Текст книги "Тонкая нить(изд.1968)"
Автор книги: Яков Наумов
Соавторы: Андрей Яковлев
Жанр:
Прочие приключения
сообщить о нарушении
Текущая страница: 19 (всего у книги 23 страниц)
Глава 25
Поездки в Москву для Ивана Петровича Семенова были делом привычным. Вагон, в котором он нес свою нехитрую, хотя и хлопотливую службу, постоянно включали в состав московского поезда. Однако на этот раз Семенов уезжал из Крайска в несколько необычном состоянии духа – он был встревожен, нервничал. Причиной тому было последнее свидание с «Ферзем» (под этой кличкой Семенов знал Войцеховскую, ничего, кроме клички, ему известно о ней не было).
Это свидание вызывало тревогу, настораживало. Ферзь определенно волновалась. Правда, она пыталась скрыть от Семенова свою нервозность, но он – стреляный воробей, его на мякине не проведешь.
Что же, однако, могло произойти? Что вывело Ферзя из равновесия, напугало ее? Она, как видно, что-то почуяла, вот и всполошилась. Ну, а он, Семенов, что будет с ним? Его по боку, пусть выкручивается сам как хочет? Что ж, в той игре, которую он уже вел много лет, это было правилом: гибнешь сам, топи другого. Тут о взаимной выручке не думали, куда там! Да, жизнь… Жизнь? Да будь она проклята, такая жизнь!
Будь проклята? Ну, а что делать? Как и что можно изменить? Отказаться от выполнения тех заданий, которые тебе поручают, хотя бы вот от этого, с которым он едет сейчас в Москву? Попробуй откажись! Да что там, отказывайся не отказывайся, а просто не выполни. Потихоньку. Скажи: так, мол, и так, все сделал, а сам – в кусты. Не выйдет. Узнают. Всё «они» про него, Семенова, знают, церемониться не будут. Чуть что – сотрут в порошок, и мокрого места не останется. Такие вот, как эта Ферзь. Знает он их, насмотрелся.
А чекисты? О тех и говорить нечего. Попадись к ним в руки – не выберешься! Так ведь и Ферзь говорила, а она-то уж знает!..

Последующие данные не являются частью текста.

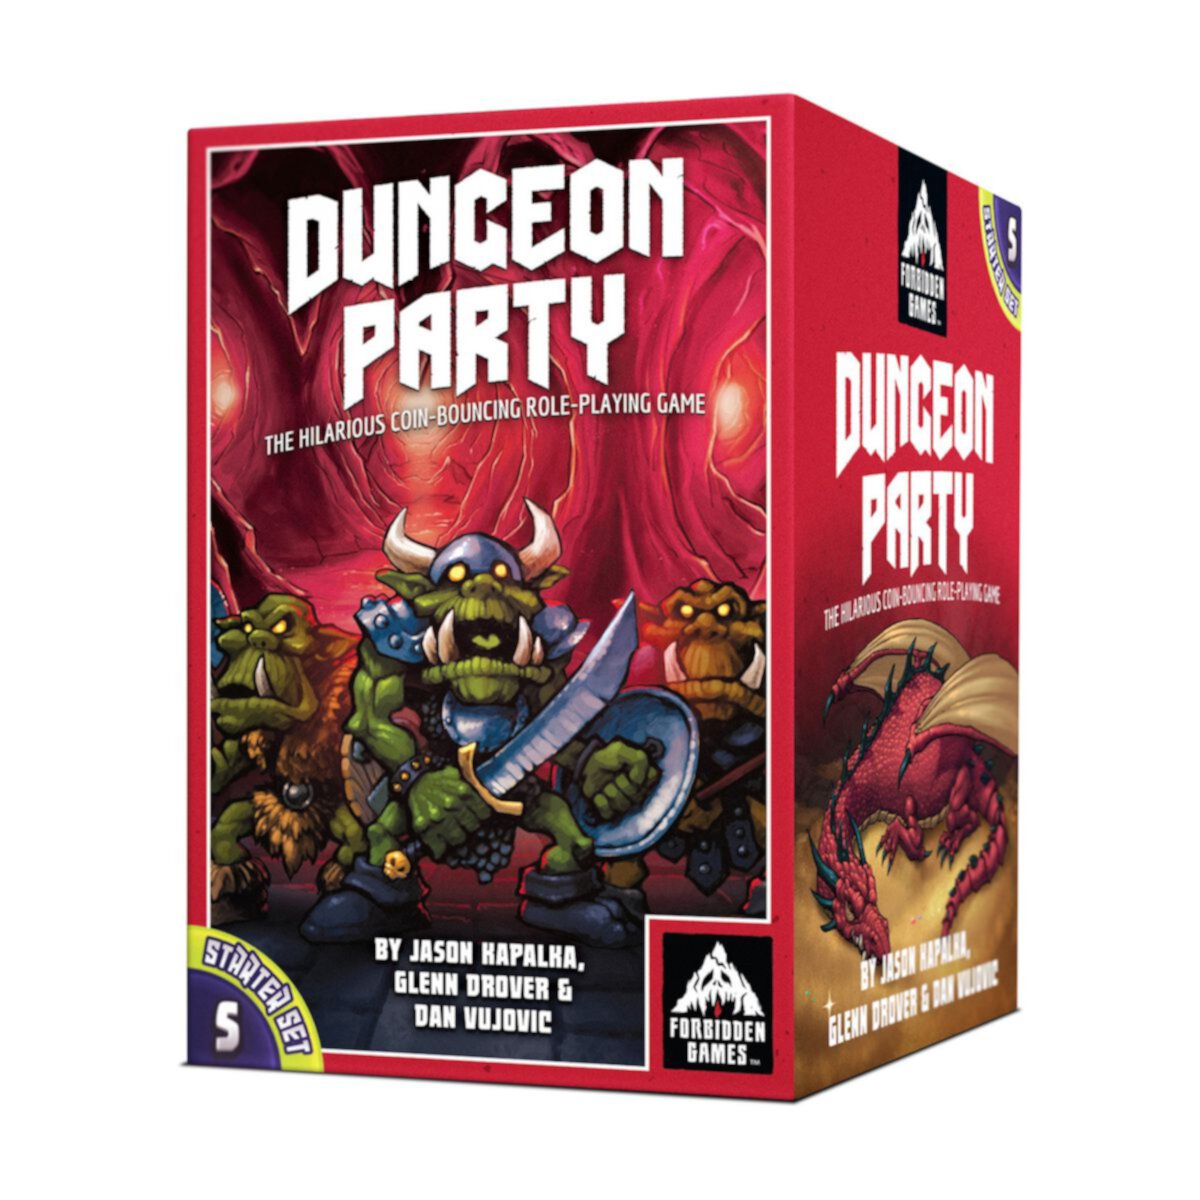 Front Porch Games Dungeon Party - Starter Set Front Porch Games

Да, выхода у Семенова не было. Оставалось одно – жить, как он жил раньше, как жил все эти годы. Жить в постоянном страхе, вздрагивая от каждого окрика, от каждого стука в дверь. Жить одной лишь надеждой, которая все-таки, несмотря ни на что, теплилась в его душе: авось пронесет. Авось «они» вспомнят когда-нибудь свои обещания, отпустят его, позволят уехать туда, в ту страну, где в банке на его счет откладываются из года в год доллары, которые позволят ему осуществить давнишнюю мечту: купить где-нибудь дом с небольшим участком и доживать свой век тихо, спокойно…

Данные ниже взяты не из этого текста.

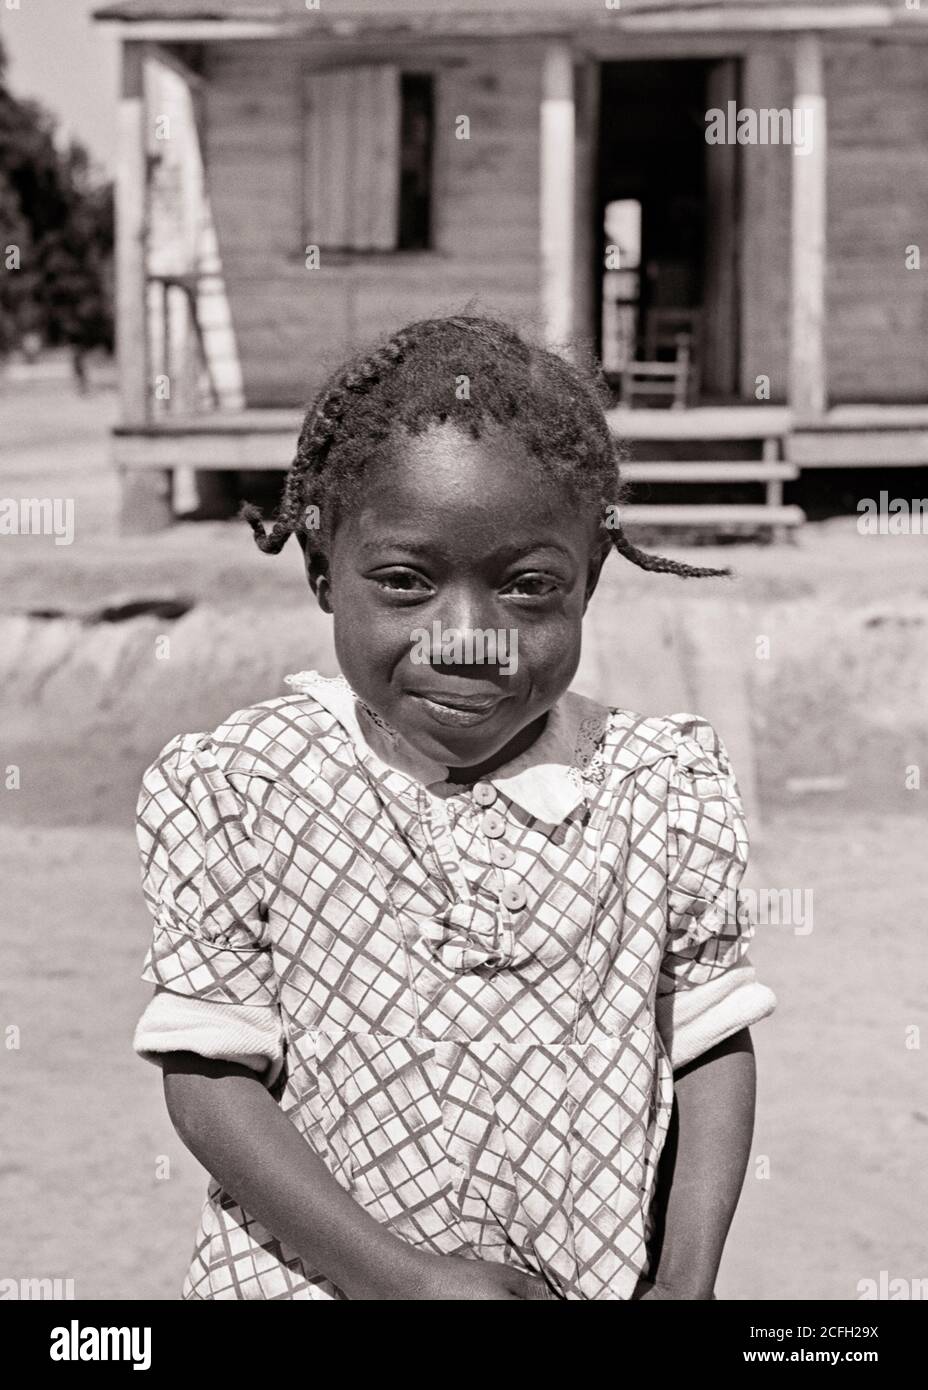 1930s SHY SMILING AFRICAN-AMERICAN LITTLE GIRL LOOKING AT CAMERA STANDING IN FRONT OF ROUGH RURAL CABIN HOME SOUTH CAROLINA USA - n1736 HAR001 HARS HOME LIFE UNITED STATES COPY SPACE HALF-LENGTH INSPIRATION UNITED STATES OF AMERICA CABIN ROUGH B&W NORTH AMERICA EYE CONTACT NORTH AMERICAN HAPPINESS WELLNESS CHEERFUL AFRICAN-AMERICANS AFRICAN-AMERICAN BLACK ETHNICITY PRIDE IN OF SMILES CONCEPTUAL JOYFUL SHY STYLISH DISADVANTAGED GROWTH JUVENILES SC SOUTH CAROLINA BLACK AND WHITE ERA HAR001 OLD FASHIONED AFRICAN AMERICANS Stock Photo

Только вспомнят ли «они» про эти обещания? Да и есть ли доллары? Как вообще все это произошло? Жил он, Семенов, мирно, никому не делая и не желая зла. Жил в Минске, служил на железной дороге. Была семья: жена, дети… Тут на тебе: война, будь она проклята! Оказался, конечно, в армии, как все. Воевал. Как воевал? Тоже, как все: другие бежали в первые месяцы войны от немецких танков – и он бежал; другие зарывались в землю, били по врагу – и он бил; другие… попадали в плен – и он попал. И в плену, как все… Хотя так ли уж как все? Что перед собой-то лукавить? Нет, Семенов вел себя не как все. Он, наделенный от природы могучим телосложением, недюжинной силой, был трусом. Боялся, когда воевал, испугался до потери разума, очутившись в плену. Больше всего Семенов боялся физической боли, до ужаса боялся. С этого, пожалуй, все и пошло…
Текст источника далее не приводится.